A New National Park for Guatemala?

Deep in the Guatemalan jungle a team of Brigham Young University archaeologists have been working for many months to uncover the ruins of El Mirador, an ancient Mayan city located about 225 miles north of Guatemala City.

Significant archaeological discoveries in the area recently prompted Dr. Ray Matheny, professor of archaeology and anthropology and leader of the BYU expedition, to invite Guatemalan President Romeo Lucas to visit El Mirador and ask him to declare the site a national park. “The sheer immensity of the ‘forgotten city’ in the jungle is impressive,” Dr. Matheny emphasized. “It could be the largest and oldest city yet discovered in Mesoamerica.”

President Lucas and a score of other government officials excitedly toured the ancient city just before the expedition closed camp for the rainy season. Government leaders would like to see El Mirador become a major tourist attraction, but it will take years before an airfield is built and the ruins are prepared for visitors.

One of the most recent discoveries is a huge sculptured head, described by Dr. Matheny as looking “like a jaguar and a human at the same time, with large teeth, an earspool in the earlobe as a symbolic decoration of authority, and extended jaguar claws as part of the ear decoration.” He believes that the red stucco head, discovered by BYU graduate student Richard Hansen, was carved about 2,000 years ago.

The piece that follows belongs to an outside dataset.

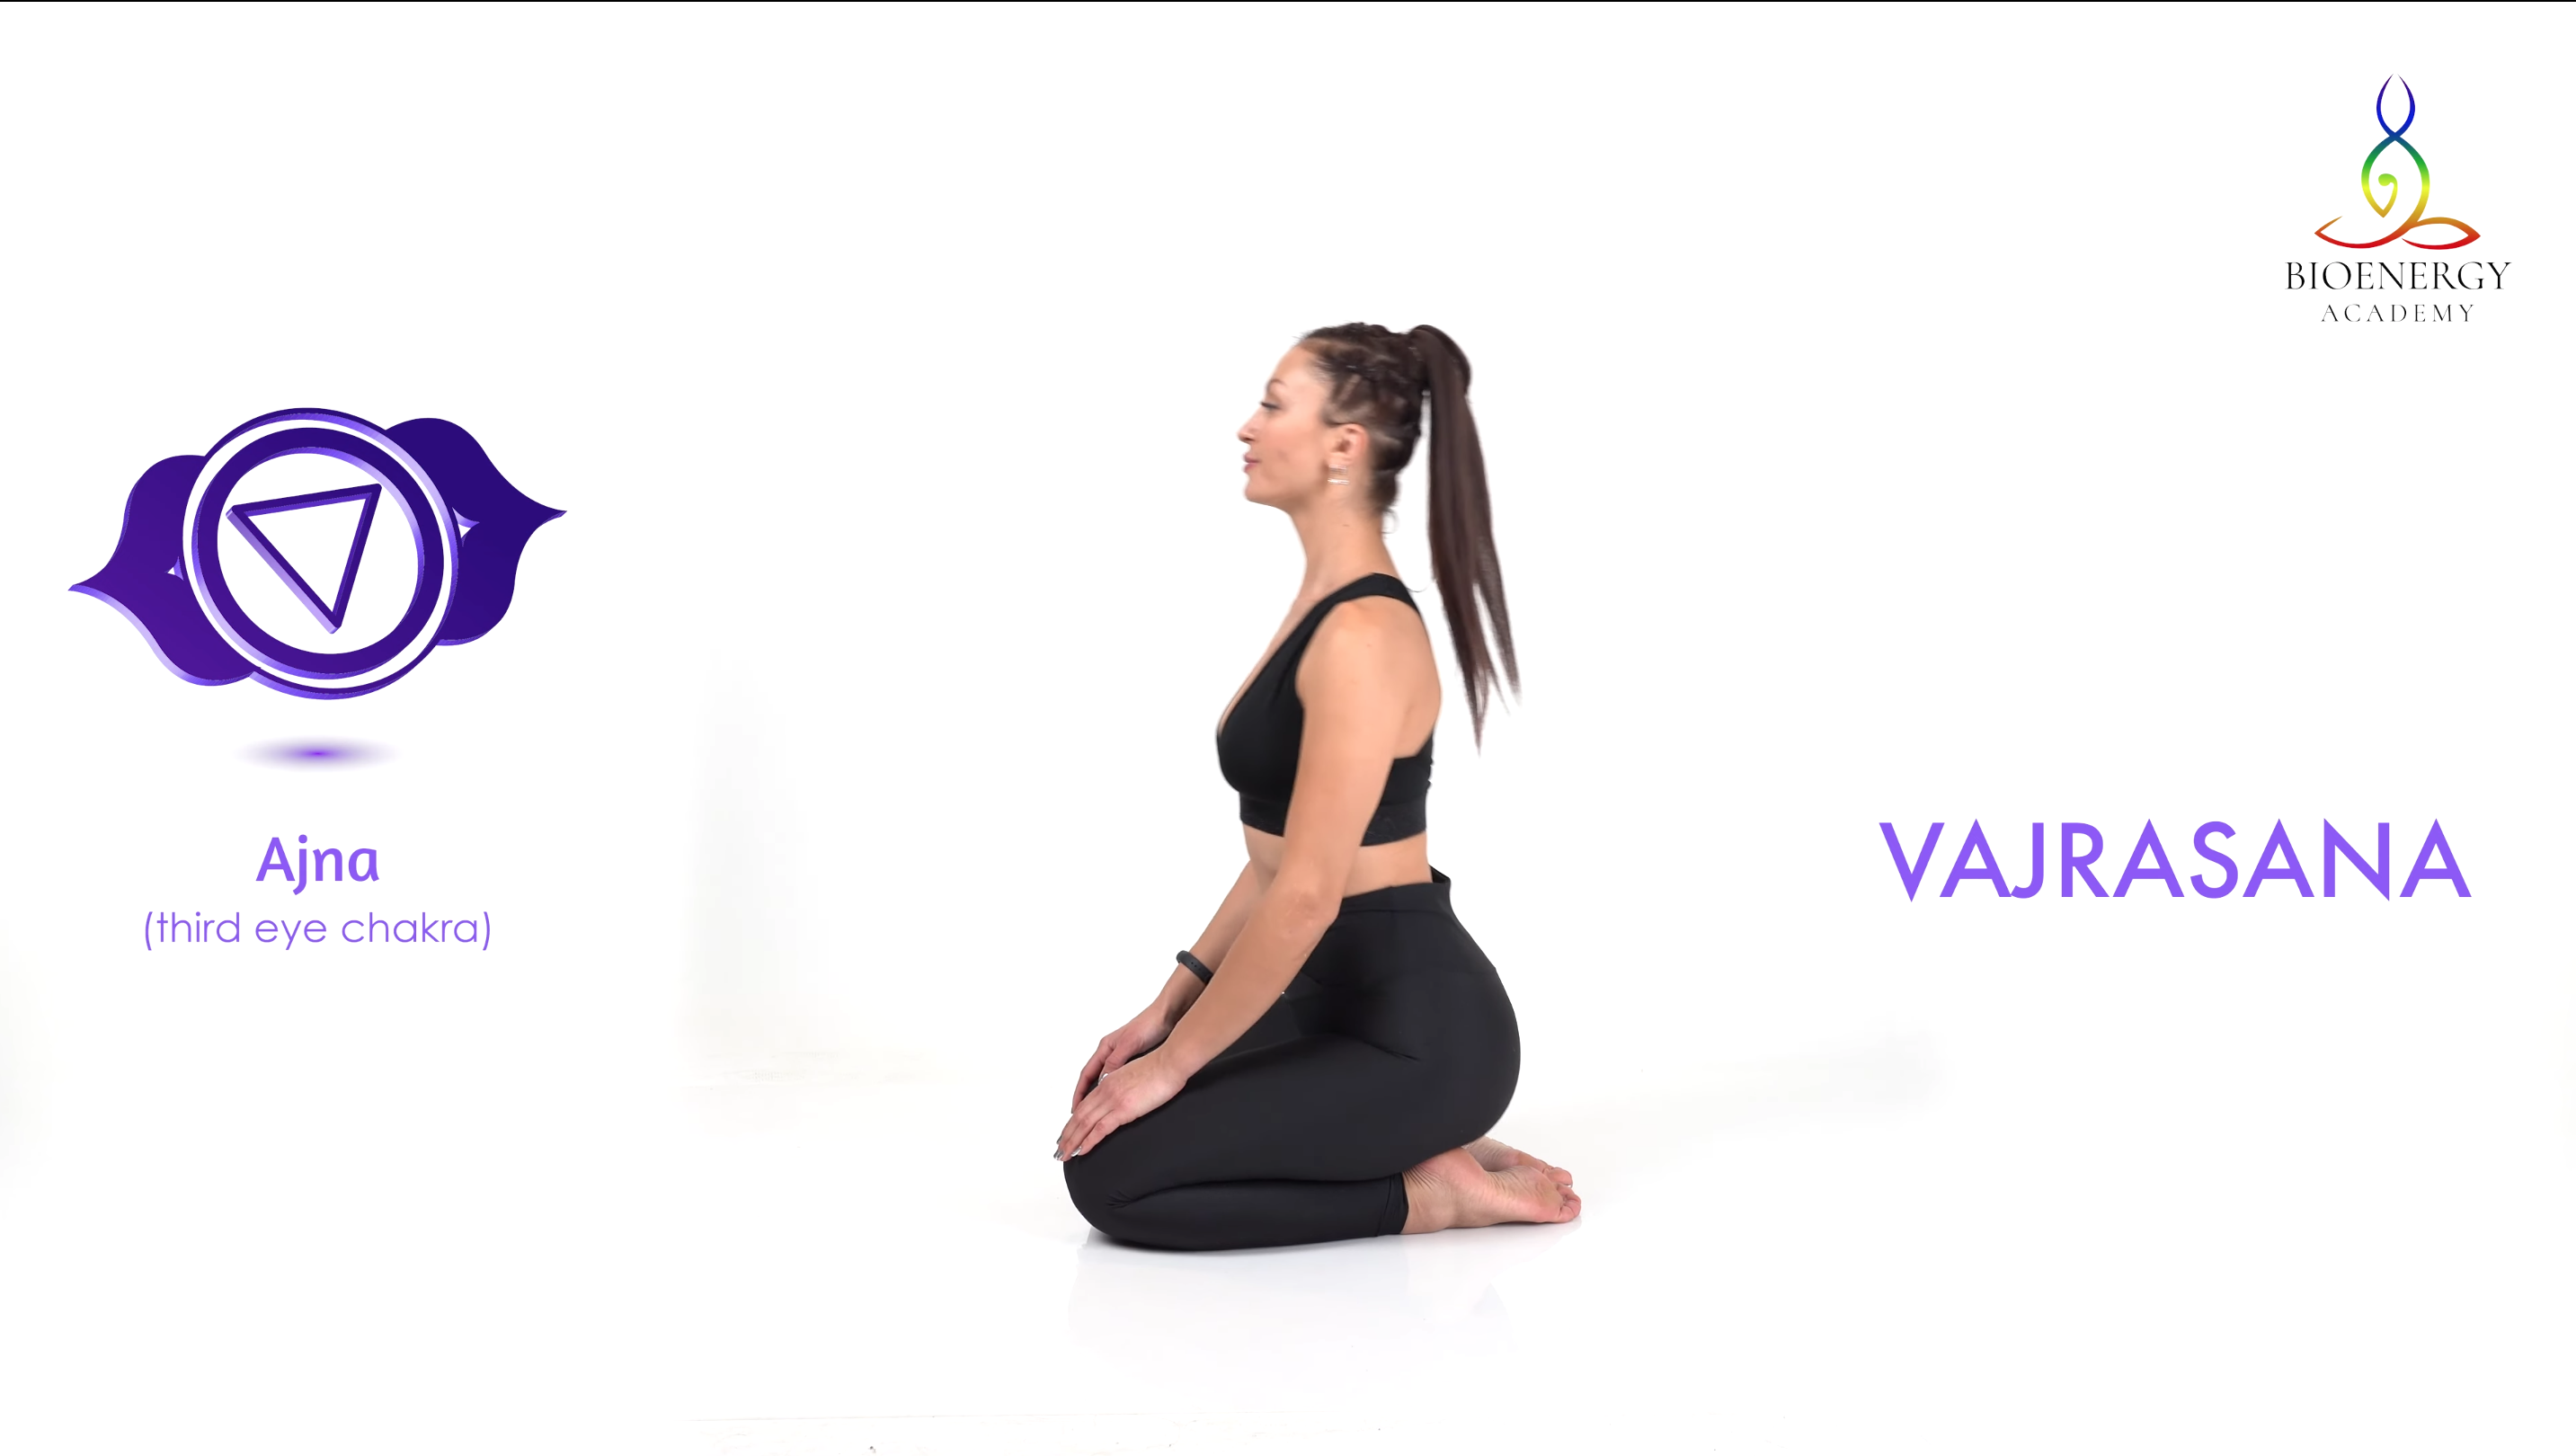 Ajna / Third Eye Chakra / Yoga Poses to Balance Your Third Eye Chakra

Some one and a half miles from where the sculptured head was unearthed, Dr. Matheny’s group discovered “one of the largest known buildings in antiquity found anywhere in the world.” The building stands twenty stories high with a base measuring one-fifth of a mile. It is also one of the most unusual formations found in Mesoamerica. Built on a centerline with other massive buildings in the area, the structure has a series of platforms on which smaller buildings are located. “Nothing like it is known to exist anywhere else,” Dr. Matheny said.

Students measure a sculpture at El Mirador.